The latest sports science research indicates that getting some protein during and after a workout is a beneficial part of rehydrating. Protein helps enhance recovery, muscle protein synthesis, glycogen synthesis, and immune function. It also reduces muscle soreness. As a good general rule, add 15 grams of protein to 600 milliliters of fluid that you use during and after exercise.

Sports Drinks vs. Water – The Importance of Electrolytes

For most people who are not exercising intensely, water and a healthy diet are adequate for maintaining good hydration. For athletes, on the other hand, and for your clients if they’re pushing hard on a race day or during a heavy training session, water doesn’t quite cut it.

Electrolytes are the minerals in our bodily fluids that conduct electrical signals and assist in a lot of other important functions. As with fluid balance, you need to maintain a balance between electrolytes in and electrolytes out. When you sweat a lot, you lose water as well as electrolytes, so in any situation in which you are training, performing, or just working out, you need to include electrolytes in fluid intake.

A good sports drink likely provides what you need for electrolytes during training and events, but generally you should aim for six to eight percent electrolytes in a fluid for the best results.

Carbohydrates are important too.

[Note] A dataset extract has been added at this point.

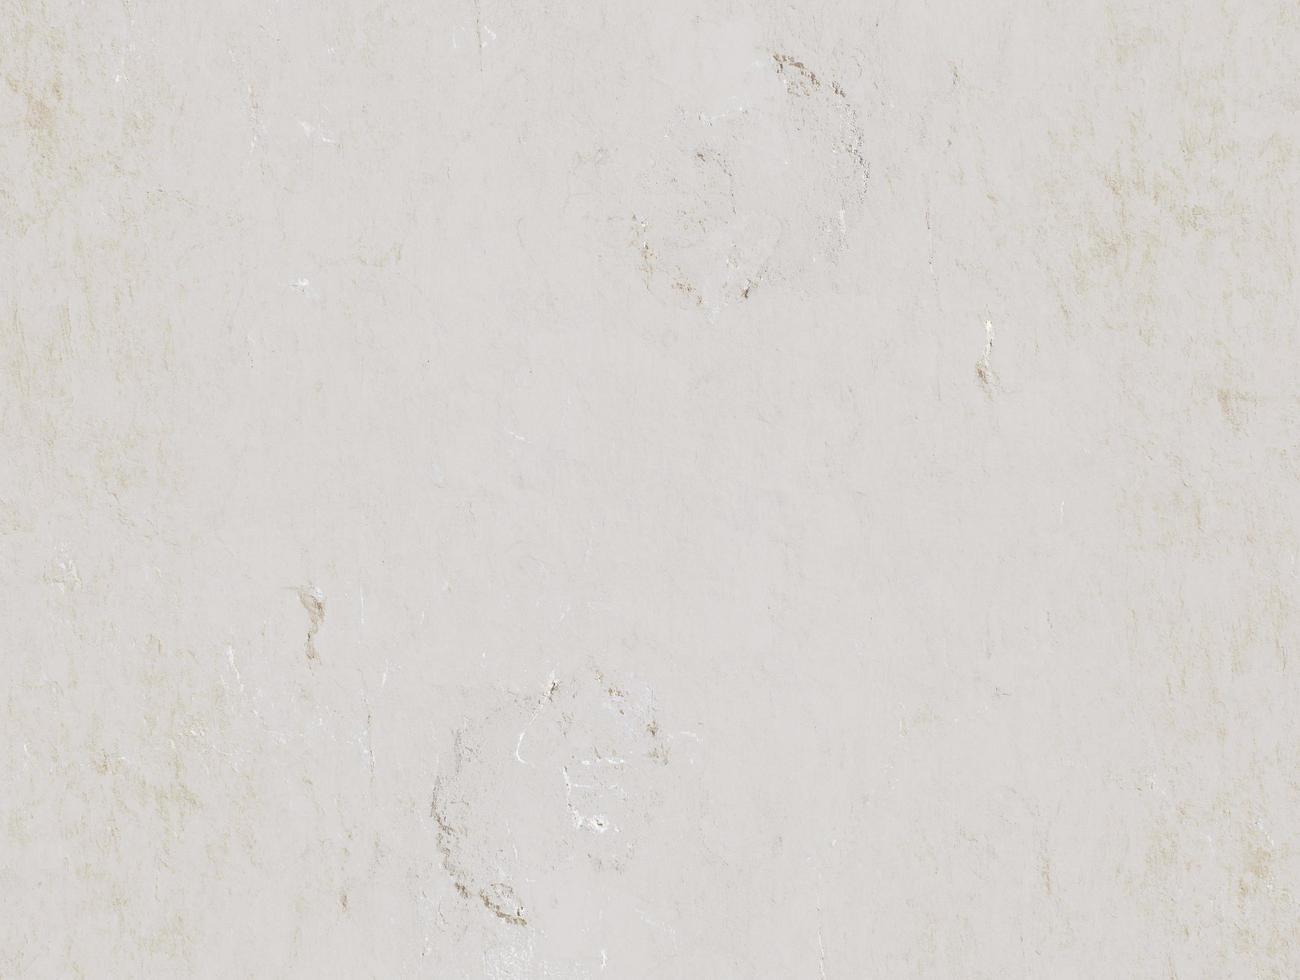 beige grunge vägg konsistens foto

In your sports drink or homemade fluid mix, be sure to include 30 to 40 grams of carbs in 500 milliliters of water, a six to eight percent solution. Carbohydrates help with absorption of water and electrolytes, improve endurance during activities, decrease the body’s stress response, decrease inflammation after working out, and improve glycogen synthesis.

The Risks of Over-Hydration

Athletes are at risk of going overboard on hydration before and during events. Even the most experienced athletes are vulnerable. In a study from Europe, researchers found that ten percent of the over 1,000 competitors in the Ironman European Championships had hyponatremia.

If you drink too much, especially plain water without electrolytes, before and even during or after a sporting event, you can end up with hyponatremia—low concentrations of sodium in body fluids. In other words you dilute blood and other fluids until the levels of electrolytes are dangerously low.

Just like dehydration, hyponatremia can become severe and even be fatal.

Early signs of the condition include:

Nausea and vomiting
Gastrointestinal distress
Swelling in the hands and feet
Confusion and restlessness

Ultimately, hyponatremia can cause brain cells to increase water content causing cerebral edema, excessive fluid and swelling in the brain. This condition is fatal if not addressed. It’s unlikely that in the normal course of trying to hydrate for physical activities that you will develop severe hyponatremia, but it is something to be aware of and to avoid.